A Comparision of tidytext and tm

Part 1: Data Structures

Sean Warlick

6 minute read

The default package for many working with text and Natural Language Processing in R has been tm. This past fall, a new package tidytext entered the ring and offers new ways to work with text in R. Having done all of my text analysis using the tm package, I thought it was time to take a look at tidytext and compare the two libraries.

We’ll start the comparison by looking at the underlying data structures of the two packages. In a future post we will compare the text cleaning process. Finally, we’ll take a look at how the tm and tidytext can be utilized together

Practice Data

For this comparison, our data set is a sample of 19 documents from the Gutenburg Collection. The Gutenberg collection can be accessed in R using the gutenbergr package.

The data for this example is a data frame with four columns and nineteen rows. Each row represents a document. The text of the document is in the full_text variable. The remaining columns - id, author, and title - provide metadata for the given document.

dim(text_data)
## [1] 19  4
head(text_data)
## # A tibble: 6 x 4
##       id      author
##   <fctr>      <fctr>
## 1   1892 Twain, Mark
## 2   2875 Twain, Mark
## 3   3185 Twain, Mark
## 4   3193 Twain, Mark
## 5   5784 Twain, Mark
## 6   5785 Twain, Mark
## # ... with 2 more variables: title <fctr>, full_text <fctr>

Data Structure

tm

In the tm package, the main type of object is the corpus object. A corpus is a collection of documents, where a document can be a book, website, email or even a sentence. We’ll start our comparison by creating a corpus with our practice data. In this case we will use VectorSource() to create the corpus. We will also assign metadata to the corpus.

# Create A Corpus
corpus <- VCorpus(VectorSource(text_data$full_text))

# Assign Metadata
meta(corpus, type = 'indexed', 'tag' = 'author') <- text_data$author
meta(corpus, type = 'indexed', 'tag' = 'title') <- text_data$title

# Explore The Corpus
corpus
## <<VCorpus>>
## Metadata:  corpus specific: 0, document level (indexed): 2
## Content:  documents: 19

If we look at the structure of the corpus, we see that the corpus is really just a list.

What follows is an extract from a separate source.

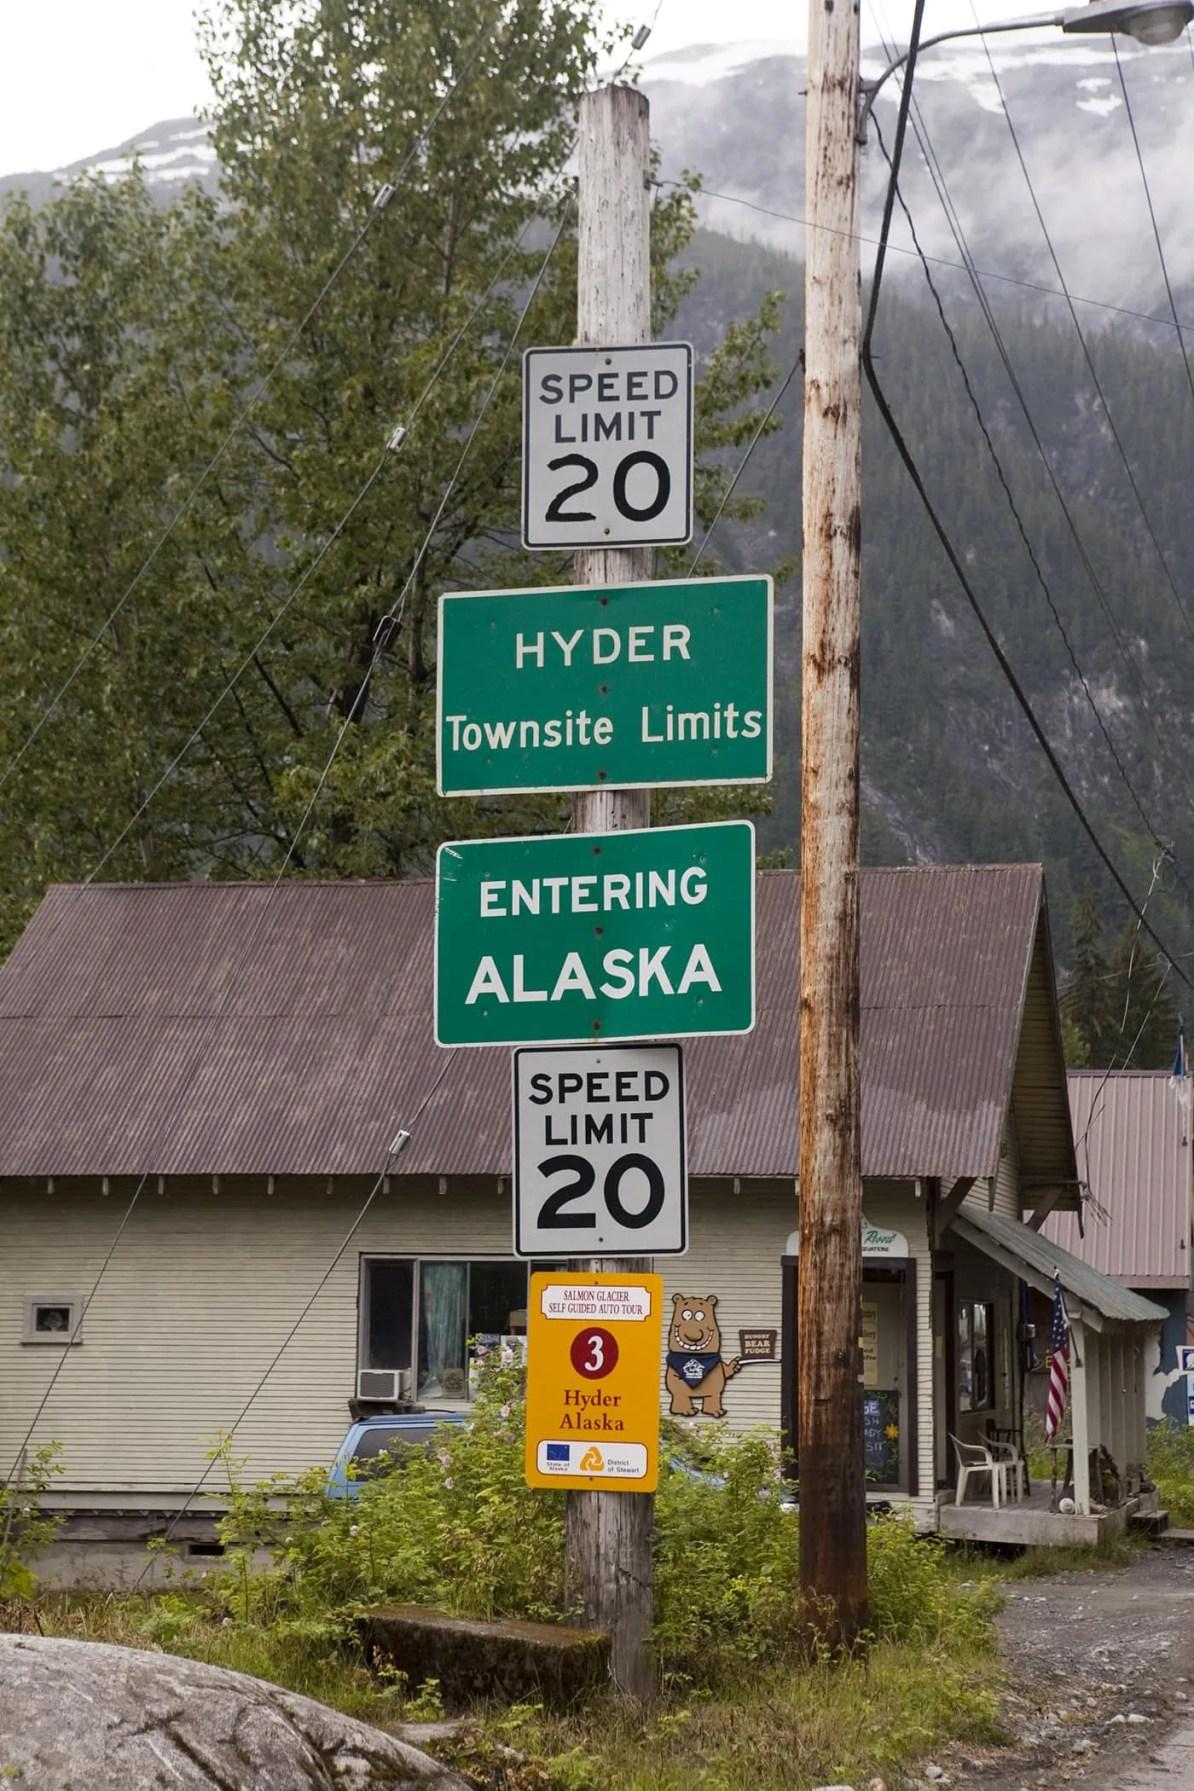 Entering Alaska sign at the border between Canada and Hyder, Alaska.

Each item in the list is a document and each document is a list of two items. The first item in the document is the contents. The second is the metadata for the given document.

Given that we are working with a list, we can access the elements by position or name. While we can use functions like lapply() to manipulate the corpus, tm contains functions specific to the type of manipulation associated with text mining.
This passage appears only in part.